Hello All,
I've been working on designing a tool to facilitate both developers
and operations staff working with slony replicated databases. I think
that the problem described below is a general problem for people
working with systems that are both in production and under on-going
development / maintenance. As a result I would like to both solicit
the input of the community and share the results. Documentation (which
is still somewhat drafty) follows.
Thank you for your time,
Andrew Hammond
Current Approach
A common problem in the database world is handling revisions to the
database that go with revisions in the software running against this
database. Currently our method is to include upgrade.sql and
downgrade.sql scripts with each software release.
Problem Statement
This will fail when we start using slony since we need to handle DML
differently from DDL and DCL. We also need a way to apply slonik
scripts. Ordering matters in the application of these scripts.
After talking about it for a while, we agreed that developers want a
way to apply their updates without stepping on each other's toes while
in the process of developing and testing their work.
Design
Interface
updatemydatabase -f target [-y] [--force-upgrade | --force-downgrade]
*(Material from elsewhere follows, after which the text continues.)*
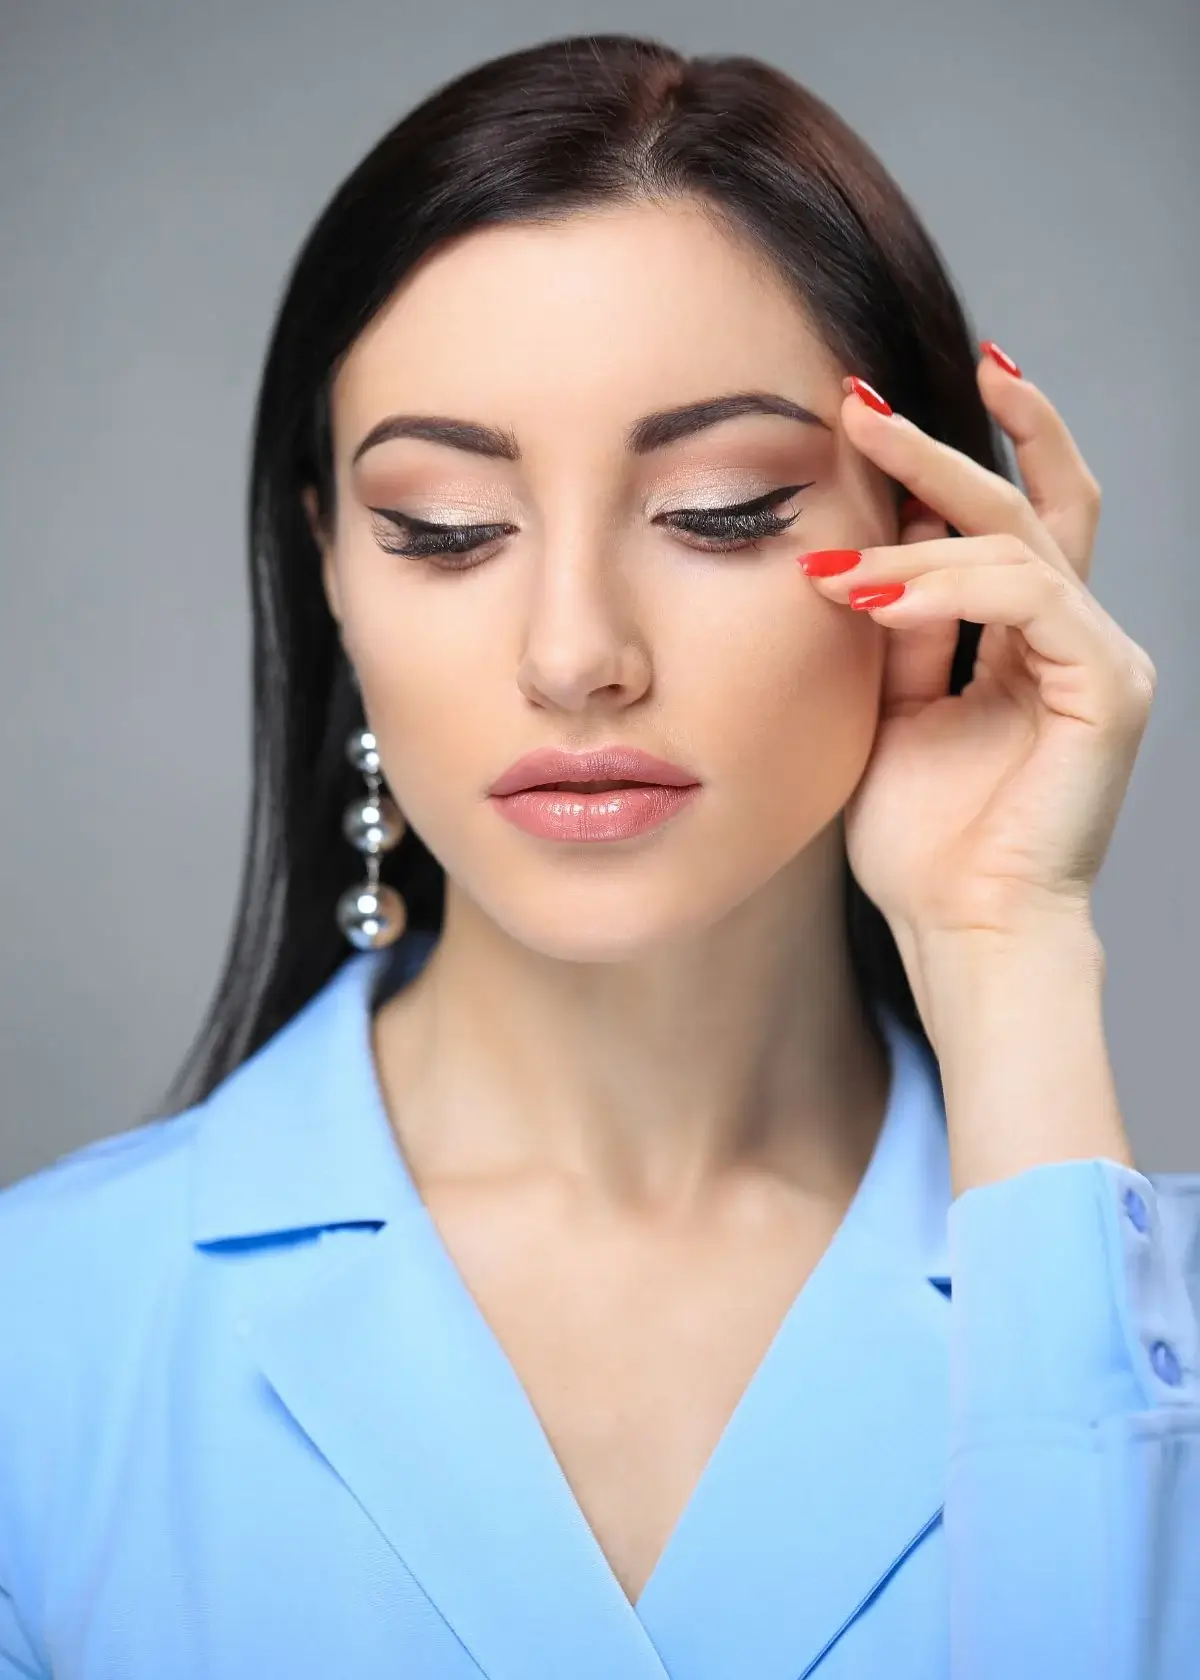 How to Dissolve Eyelash Extension Glue?

[-U pguser] [-h pghost] [-p pgport] [-d pgdatabase] [--cluster
clustername]
-f
Optional Defaults to the current working directory. Specifies the
target intended to be upgraded to. This may be either the full or
relative path. This may be either a directory or a file.
-y
Optional If set, assume yes to all questions. This is intended for
use when running the program in tool mode.
-U -h -p -d
Optional As for psql and other PostgreSQL command line utilities.
--cluster
Optional Defaults to the database name. Specifies the name of the
slony cluster to work with. This should have a one-letter short form
that conforms with other similar tools. Gotta figure out what those
are though...
Since we will be using a python connector which is based on libqp,
we will auto-magically respect the standard postgres environment
variables including the .pgpass file for handling passwords.
Limitations
* We are not trying to deal with databases with more than one
slony replication cluster in them.
* We are not going to deal with the case where various sets have
different origins.
* We assume that this is run off the same machine that is
currently running the slons. We can connect to every database in the
cluster.
* Aside from generating the slonik preamble, we are not going to
try and auto-generate slonik scripts that do anything more complicated
than EXECUTE SCRIPT. At least not initially. Maybe we can get more
clever later?
* We will not try to be clever about detecting changes to files.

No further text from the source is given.